== Information provided
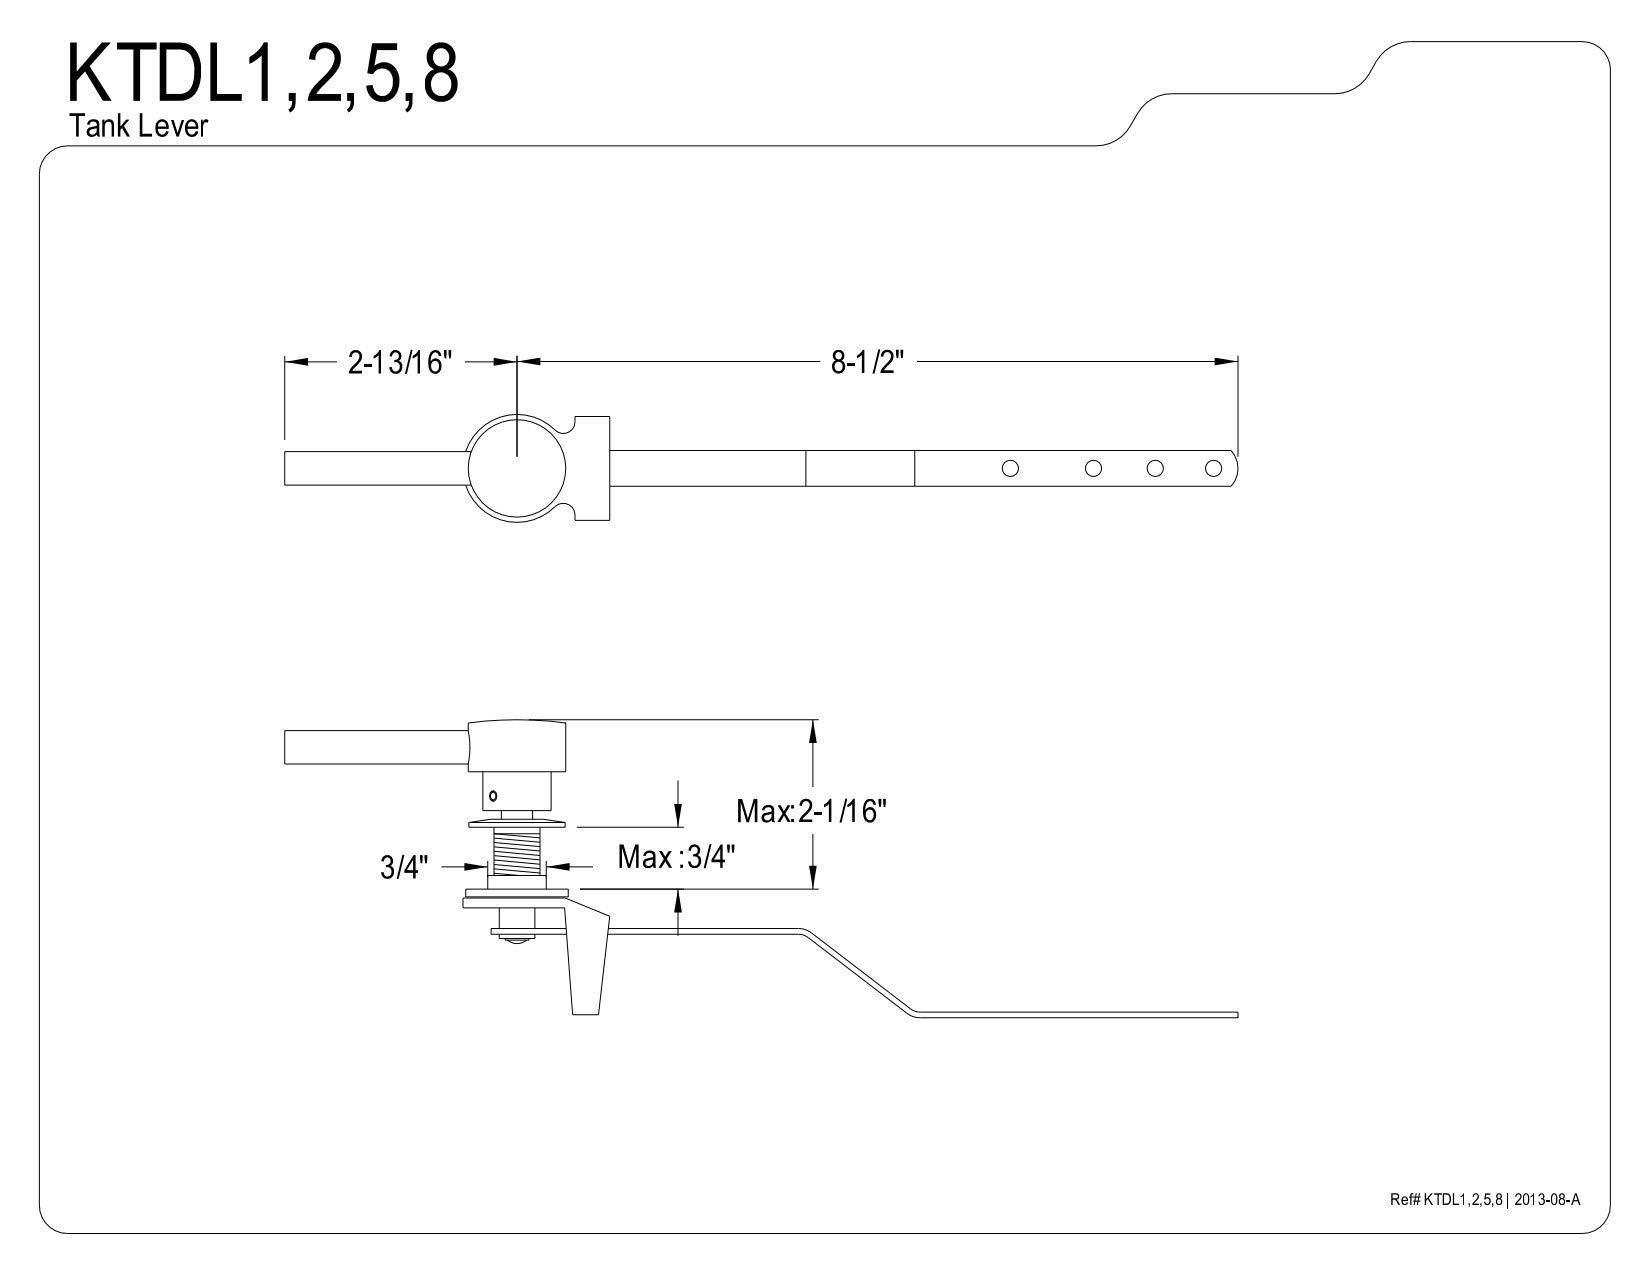 Kingston Brass KTDL2 Concord Tank Lever, Polished Brass, 2-13/16'' Handle Length by Kingston Brass (Image #5)
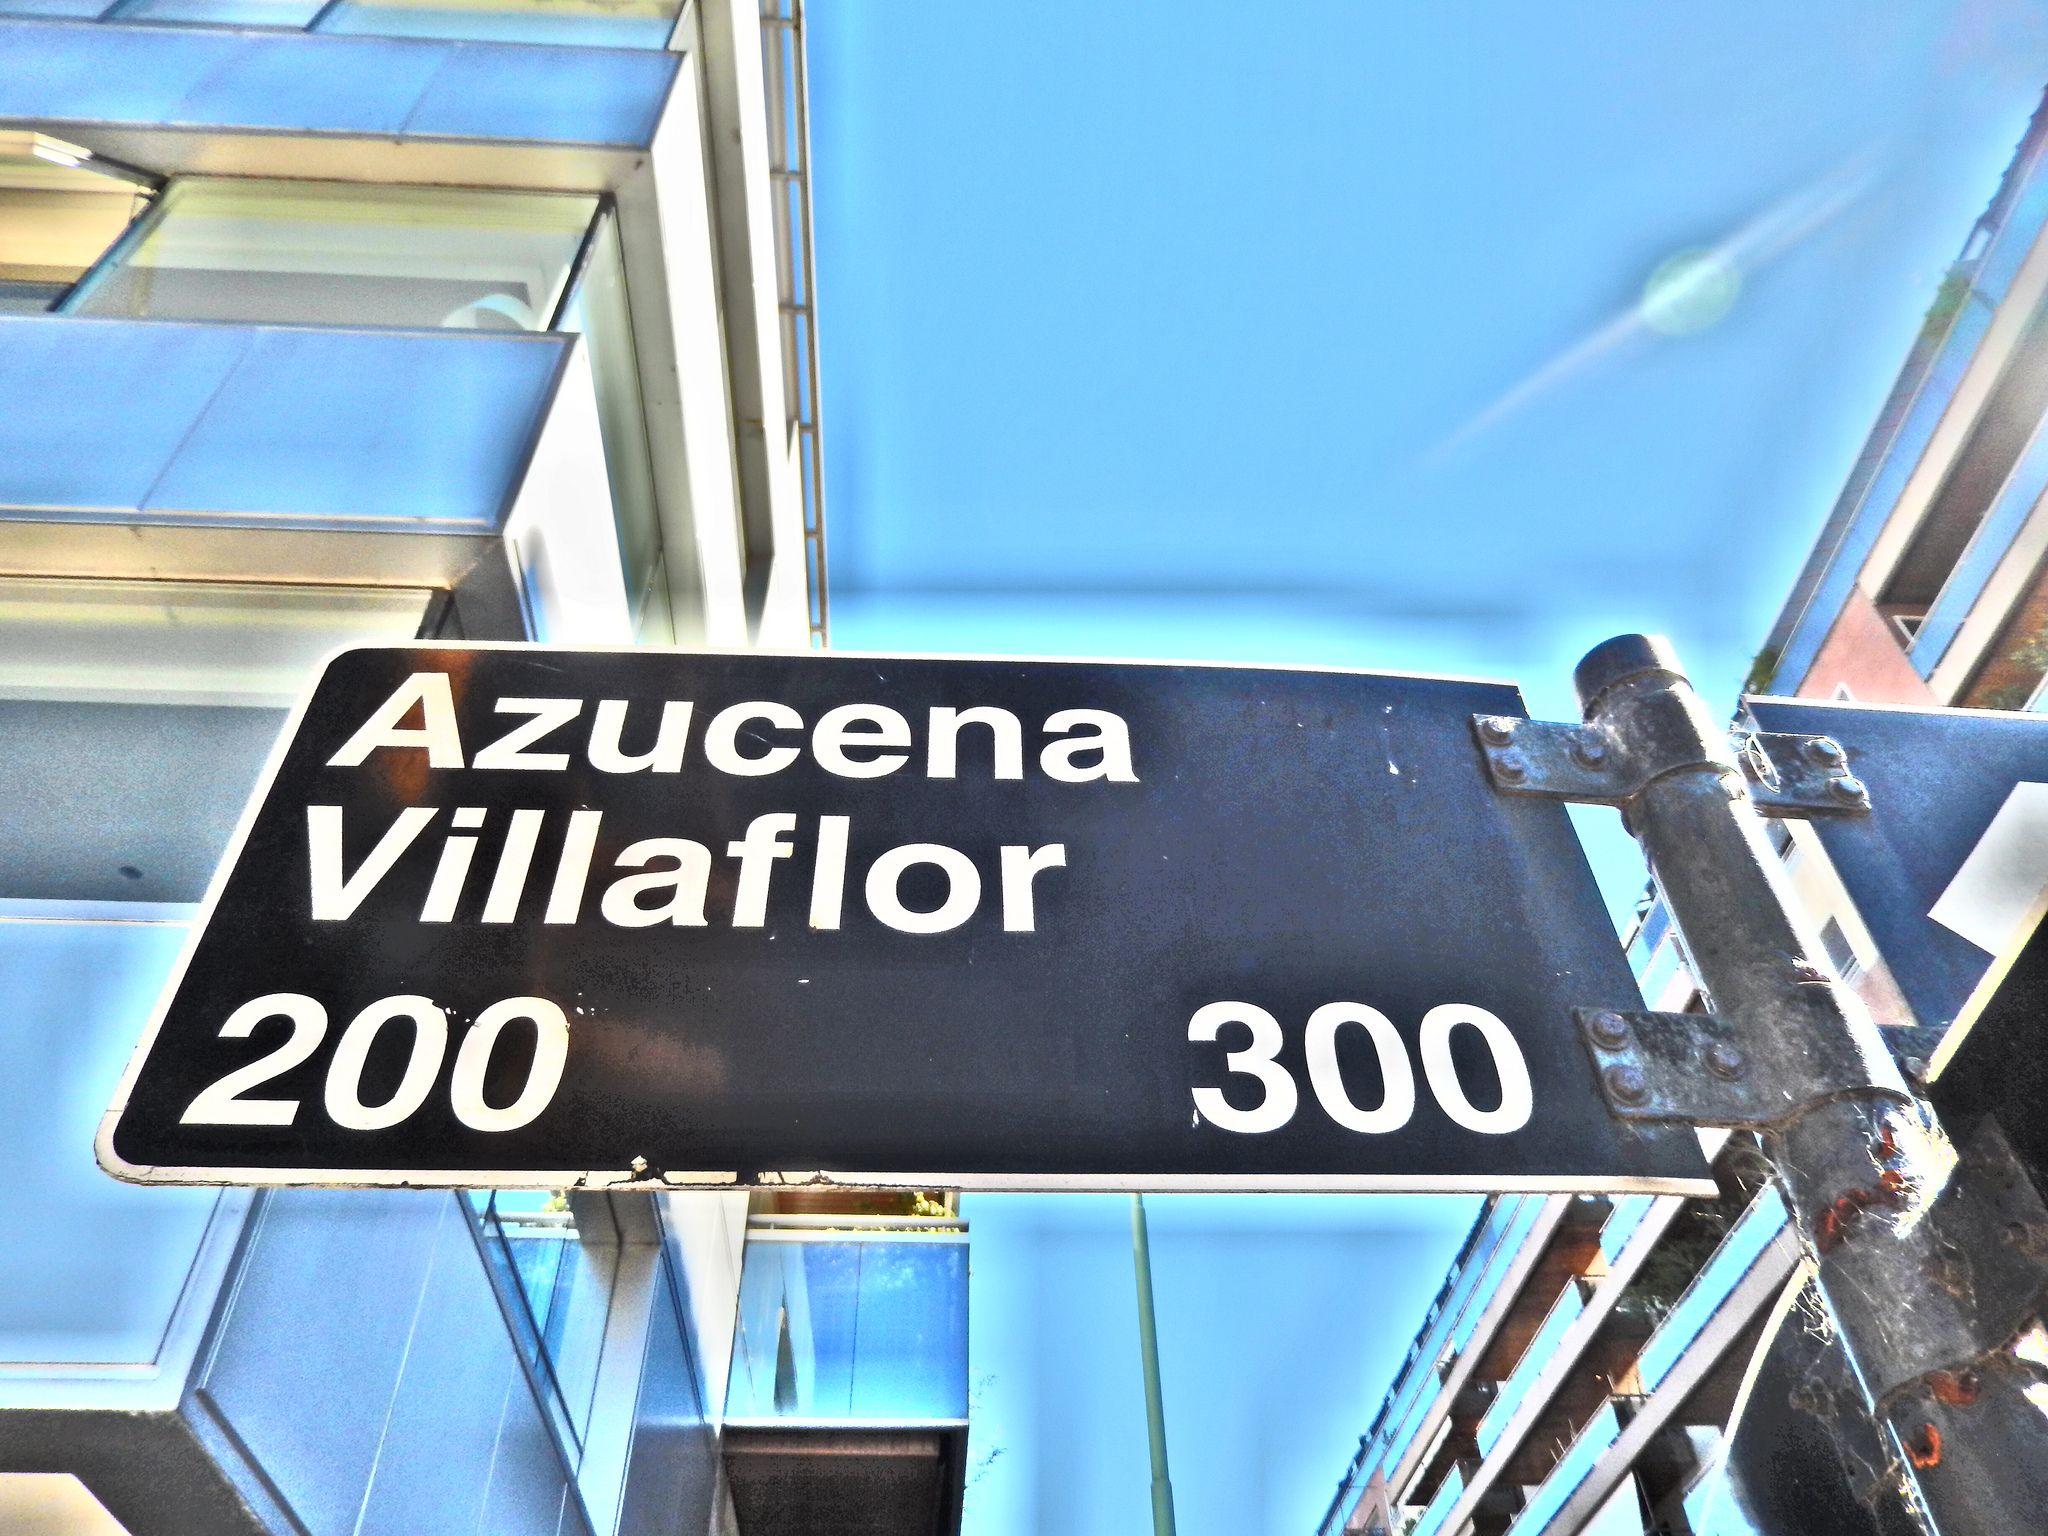 https://flic.kr/s/aHsjMMzp4w | Calle Azucena Villaflor , Puerto Madero | Calle Azucena Villaflor , Puerto Madero
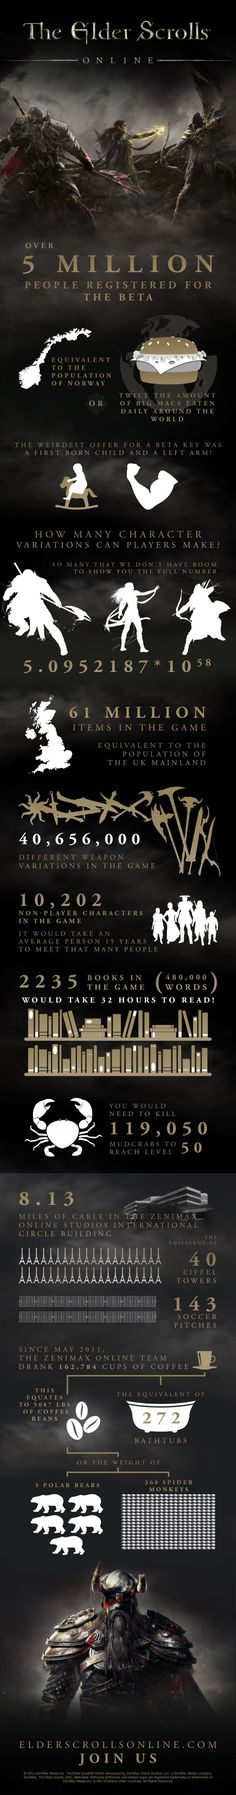 Elder Scrolls Online : Interesting Facts #infographic
====
- _What needs to be done_:
Pictures aside, please output the whole listing exactly as it appears above.

- _Task response_:
 Kingston Brass KTDL2 Concord Tank Lever, Polished Brass, 2-13/16'' Handle Length by Kingston Brass (Image #5)
 https://flic.kr/s/aHsjMMzp4w | Calle Azucena Villaflor , Puerto Madero | Calle Azucena Villaflor , Puerto Madero
 Elder Scrolls Online : Interesting Facts #infographic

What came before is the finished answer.